Kapalıdan maç seyredenler, önümüzdeki maç tavana baksınlar. Sıvalar dökülmüş, çürüyen paslı demirler gözüküyor. En ufak bir sallantıda çatı düşecek gibi. Marshall'in kendi tarih olmuş, yazısı hala duruyor. Bir Nonda'yı da almayıp, o parayıda bize harcasanız olmaz. Biz keriziz, sidik göllü tuvaletli, pis kırık plastik oturaklı tribünlere geliriz nasıl olsa.


Bu gördüklerimiz, aşağıda kim bilir neler var. Gerçi ben oraları da gördüm, soyunma odası tavanları pis su boruları, teneke kapılar, soyunma odasından tünele kadar 3 günlük yol. Sen kalk Dünya'nın en büyük hocalarından birini getir, burası bizim ev diye ağırla. İddiaya girerim, önce stadyumu gezseler, buraya ne bir büyük futbolcu, ne bir büyük hoca gelir.

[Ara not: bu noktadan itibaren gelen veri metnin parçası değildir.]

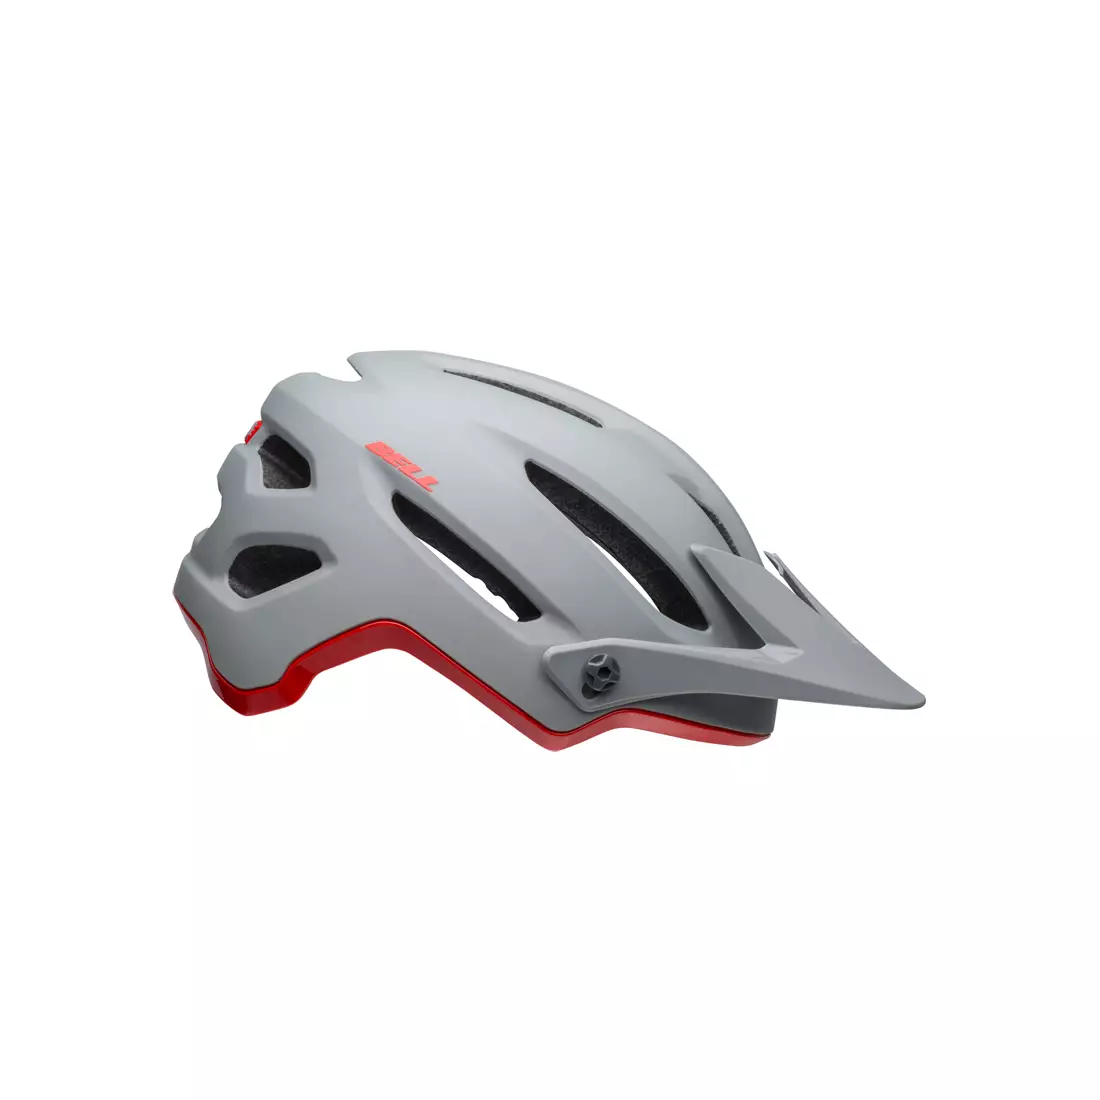 Cyklistická helma mtb BELL 4FORTY cliffhanger matte gloss gray crimson

Benden bu kadar, ben çok kahrını çektim bu stadın. Bu stad yeni Ali Sami Yen Stadıdır. Biz en eski, en beter hallerini de gördüğümüzden ahkam kesebiliriz. İnanın daha kötü. Taraftarı müşteri görmece, adam yerine koymamaca, çapulcu muamelesi yapmaca devam ediyor. Göz görmeyince gönül katlanıyor. Ne stadlar gördüğüm için, mukayese yapıyorum. Bu büyük camiaya, bu büyük takıma bu stad yakışmıyor. 10 sene daha yeni stadyuma geçmemeye razıyım. Şu stad bir bilenin elinde olsa, kimse yeni yere geçmek dahi istemez.

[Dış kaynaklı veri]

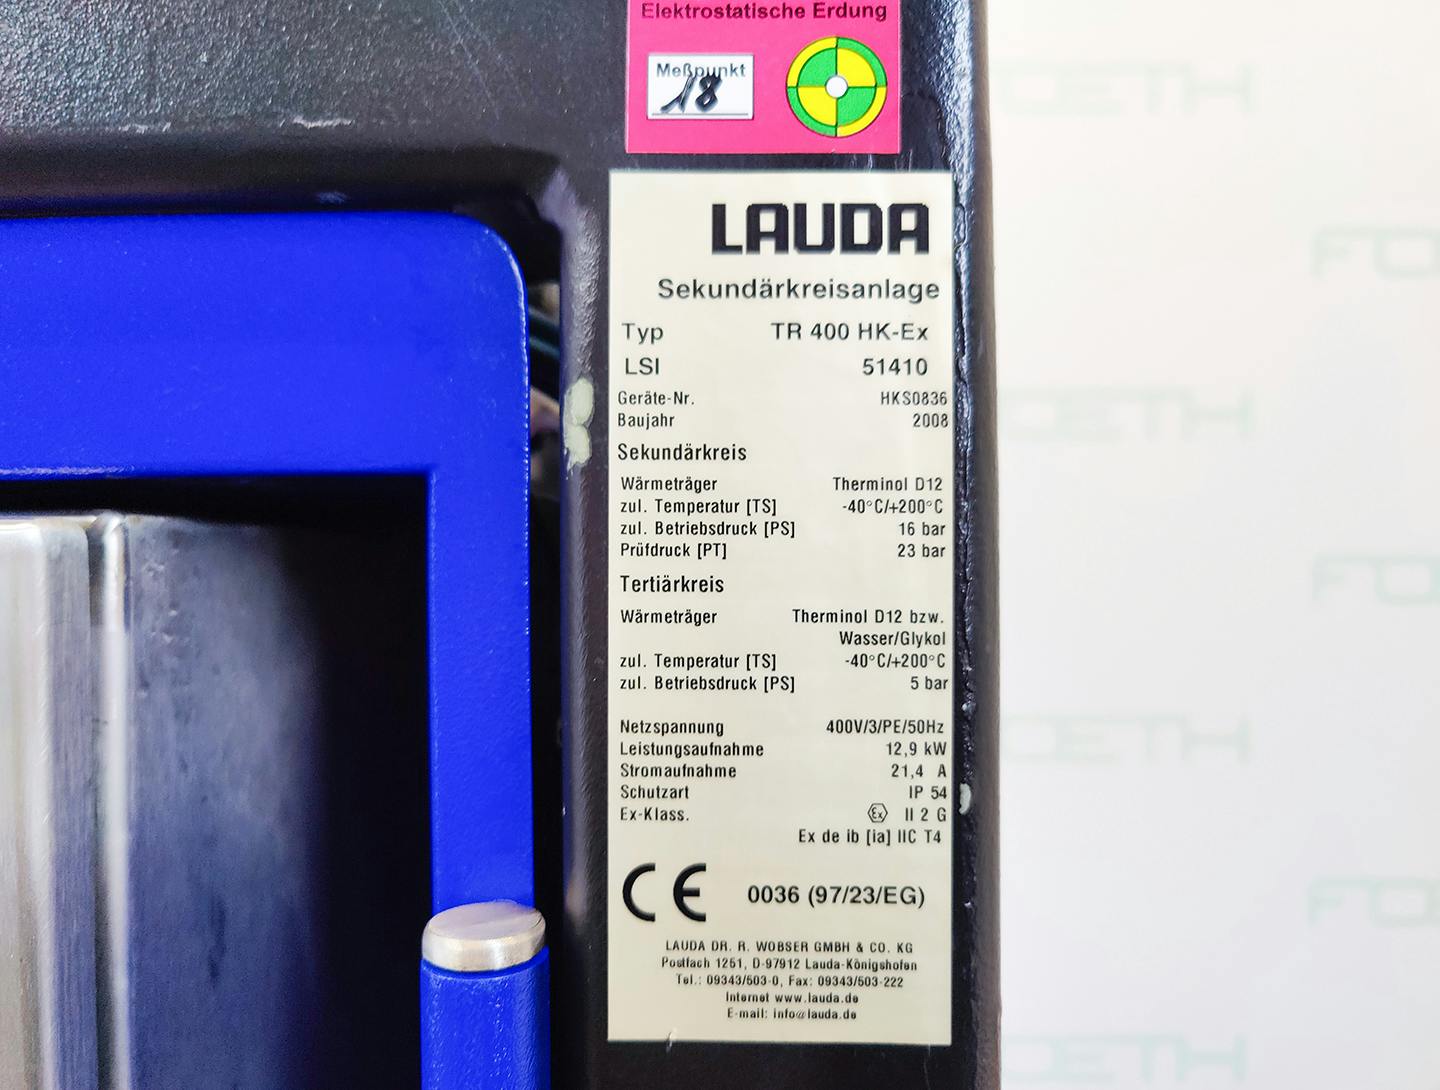 Lauda TR400 HK-EX "secondary circuit system" - Temperature control unit - image 7

Benim bu sene taraftarlığım, Surinam'lıyı ve Arda Turan'ı seyretmekle sınırlıdır. Yoruldum, her maça gidip, hatta el verirse antrenmalara bile gidip doya doya onları seyretmek ve bir büyük şampiyonlukla noktalamak istiyorum. Çok sıkıldım bu işlerden artık. Tugay bile taraftarı yaraladıktan sonra, her şey boş.

4 yorum:

aksilaz dedi ki...

Abi bu sene kombine almamamın tek nedeni bu staddır. Yeni açık Vip diye saçma sapan bir şey yapmışlar tv den görünce para verenlere üzüldüm. Yıllarca stad diye ahıra gittik ama hiç bir iyileştirme olmadı. Boklu dere dtadını begenmedık ama bu konuda bizi geçtiler ve bizi yönetenler su stad işini ellerine yüzlerine bulaştırdılar. Bu kadar zormu ya bi stad yapmak. Eve gelene kadar binbir türlü zahmet cekiyorum maçtan sonra. Düşündüm ve degmeyecegini anladım. Takımım hala cok seviyorum ama yöneticilerimizi istemiyorum.

halk dedi ki...

abi gayet sağlam yazmışsın bütün sıkıntıları,

yeni açık alt ile üst'ün hatta eski açığın aynı fiyat olması organizasyon yetersizliğini, stadı yönetenlerin bilgisizliğini anlatıyor. stadı baştan sona geziyotlar mı şüpheliyim.

Nazmi Hasdemir dedi ki...

mehmet abi, kapalının en büyük kumandanıydı. Peygamber hüseyinle beraber başlamıştı hikaye. peygamber öldü, mehmet ckm önündeki arabada bardakta mısır satıyordu 2 hafta öncesine kadar. şimdi orada da yok, sürünüyor.

Futbolitika dedi ki...

Yeni Açıktan "Kapalı şaşırma eski açığı dinle"yi duyduysak hep birlikte intihar etmenin vakti gelmiştir.